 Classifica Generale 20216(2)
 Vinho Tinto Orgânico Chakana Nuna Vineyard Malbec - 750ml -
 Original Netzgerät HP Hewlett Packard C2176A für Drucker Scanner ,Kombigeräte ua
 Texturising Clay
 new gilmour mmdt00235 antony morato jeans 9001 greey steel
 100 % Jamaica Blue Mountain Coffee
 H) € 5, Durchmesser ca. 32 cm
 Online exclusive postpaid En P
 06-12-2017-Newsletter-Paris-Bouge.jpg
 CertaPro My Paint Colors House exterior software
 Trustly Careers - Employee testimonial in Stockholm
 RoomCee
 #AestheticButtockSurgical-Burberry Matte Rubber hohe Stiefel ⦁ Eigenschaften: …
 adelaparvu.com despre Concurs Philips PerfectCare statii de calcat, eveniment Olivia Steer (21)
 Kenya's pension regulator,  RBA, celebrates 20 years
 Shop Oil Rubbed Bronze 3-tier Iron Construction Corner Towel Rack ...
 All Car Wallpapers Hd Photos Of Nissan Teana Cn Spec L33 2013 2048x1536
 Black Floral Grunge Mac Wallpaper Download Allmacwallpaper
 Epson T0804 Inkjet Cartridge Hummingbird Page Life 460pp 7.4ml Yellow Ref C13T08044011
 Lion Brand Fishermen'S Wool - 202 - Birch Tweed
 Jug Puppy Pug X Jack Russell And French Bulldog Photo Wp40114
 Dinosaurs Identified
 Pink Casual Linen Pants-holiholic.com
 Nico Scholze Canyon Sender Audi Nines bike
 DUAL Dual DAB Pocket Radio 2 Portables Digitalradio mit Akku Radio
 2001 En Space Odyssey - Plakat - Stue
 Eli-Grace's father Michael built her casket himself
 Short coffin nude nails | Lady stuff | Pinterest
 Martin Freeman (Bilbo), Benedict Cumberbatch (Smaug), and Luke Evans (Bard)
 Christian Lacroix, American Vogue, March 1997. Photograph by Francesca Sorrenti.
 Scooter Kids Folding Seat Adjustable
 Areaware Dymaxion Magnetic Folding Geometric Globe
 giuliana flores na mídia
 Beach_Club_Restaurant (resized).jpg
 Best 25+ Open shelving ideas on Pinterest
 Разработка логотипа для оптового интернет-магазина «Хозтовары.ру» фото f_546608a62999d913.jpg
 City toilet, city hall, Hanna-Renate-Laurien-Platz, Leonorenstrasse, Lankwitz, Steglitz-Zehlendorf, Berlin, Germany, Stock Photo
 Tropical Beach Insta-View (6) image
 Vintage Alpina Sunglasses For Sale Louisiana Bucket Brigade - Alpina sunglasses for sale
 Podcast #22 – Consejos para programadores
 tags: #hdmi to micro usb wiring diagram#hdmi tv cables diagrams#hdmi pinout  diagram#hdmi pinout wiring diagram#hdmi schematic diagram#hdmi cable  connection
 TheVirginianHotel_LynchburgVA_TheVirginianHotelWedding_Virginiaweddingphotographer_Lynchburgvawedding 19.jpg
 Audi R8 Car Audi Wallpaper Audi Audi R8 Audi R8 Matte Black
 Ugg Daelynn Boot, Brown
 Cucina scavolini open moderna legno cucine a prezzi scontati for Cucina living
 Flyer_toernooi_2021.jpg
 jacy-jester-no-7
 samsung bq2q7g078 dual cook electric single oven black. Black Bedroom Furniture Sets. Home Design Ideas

____

# GOAL OF THE EXERCISE:
Please give again only the lines from the start of the material through the line holding "Tropical Beach Insta-View (6) image", exactly as they are written.

# ANSWER BELOW:
 Classifica Generale 20216(2)
 Vinho Tinto Orgânico Chakana Nuna Vineyard Malbec - 750ml -
 Original Netzgerät HP Hewlett Packard C2176A für Drucker Scanner ,Kombigeräte ua
 Texturising Clay
 new gilmour mmdt00235 antony morato jeans 9001 greey steel
 100 % Jamaica Blue Mountain Coffee
 H) € 5, Durchmesser ca. 32 cm
 Online exclusive postpaid En P
 06-12-2017-Newsletter-Paris-Bouge.jpg
 CertaPro My Paint Colors House exterior software
 Trustly Careers - Employee testimonial in Stockholm
 RoomCee
 #AestheticButtockSurgical-Burberry Matte Rubber hohe Stiefel ⦁ Eigenschaften: …
 adelaparvu.com despre Concurs Philips PerfectCare statii de calcat, eveniment Olivia Steer (21)
 Kenya's pension regulator,  RBA, celebrates 20 years
 Shop Oil Rubbed Bronze 3-tier Iron Construction Corner Towel Rack ...
 All Car Wallpapers Hd Photos Of Nissan Teana Cn Spec L33 2013 2048x1536
 Black Floral Grunge Mac Wallpaper Download Allmacwallpaper
 Epson T0804 Inkjet Cartridge Hummingbird Page Life 460pp 7.4ml Yellow Ref C13T08044011
 Lion Brand Fishermen'S Wool - 202 - Birch Tweed
 Jug Puppy Pug X Jack Russell And French Bulldog Photo Wp40114
 Dinosaurs Identified
 Pink Casual Linen Pants-holiholic.com
 Nico Scholze Canyon Sender Audi Nines bike
 DUAL Dual DAB Pocket Radio 2 Portables Digitalradio mit Akku Radio
 2001 En Space Odyssey - Plakat - Stue
 Eli-Grace's father Michael built her casket himself
 Short coffin nude nails | Lady stuff | Pinterest
 Martin Freeman (Bilbo), Benedict Cumberbatch (Smaug), and Luke Evans (Bard)
 Christian Lacroix, American Vogue, March 1997. Photograph by Francesca Sorrenti.
 Scooter Kids Folding Seat Adjustable
 Areaware Dymaxion Magnetic Folding Geometric Globe
 giuliana flores na mídia
 Beach_Club_Restaurant (resized).jpg
 Best 25+ Open shelving ideas on Pinterest
 Разработка логотипа для оптового интернет-магазина «Хозтовары.ру» фото f_546608a62999d913.jpg
 City toilet, city hall, Hanna-Renate-Laurien-Platz, Leonorenstrasse, Lankwitz, Steglitz-Zehlendorf, Berlin, Germany, Stock Photo
 Tropical Beach Insta-View (6) image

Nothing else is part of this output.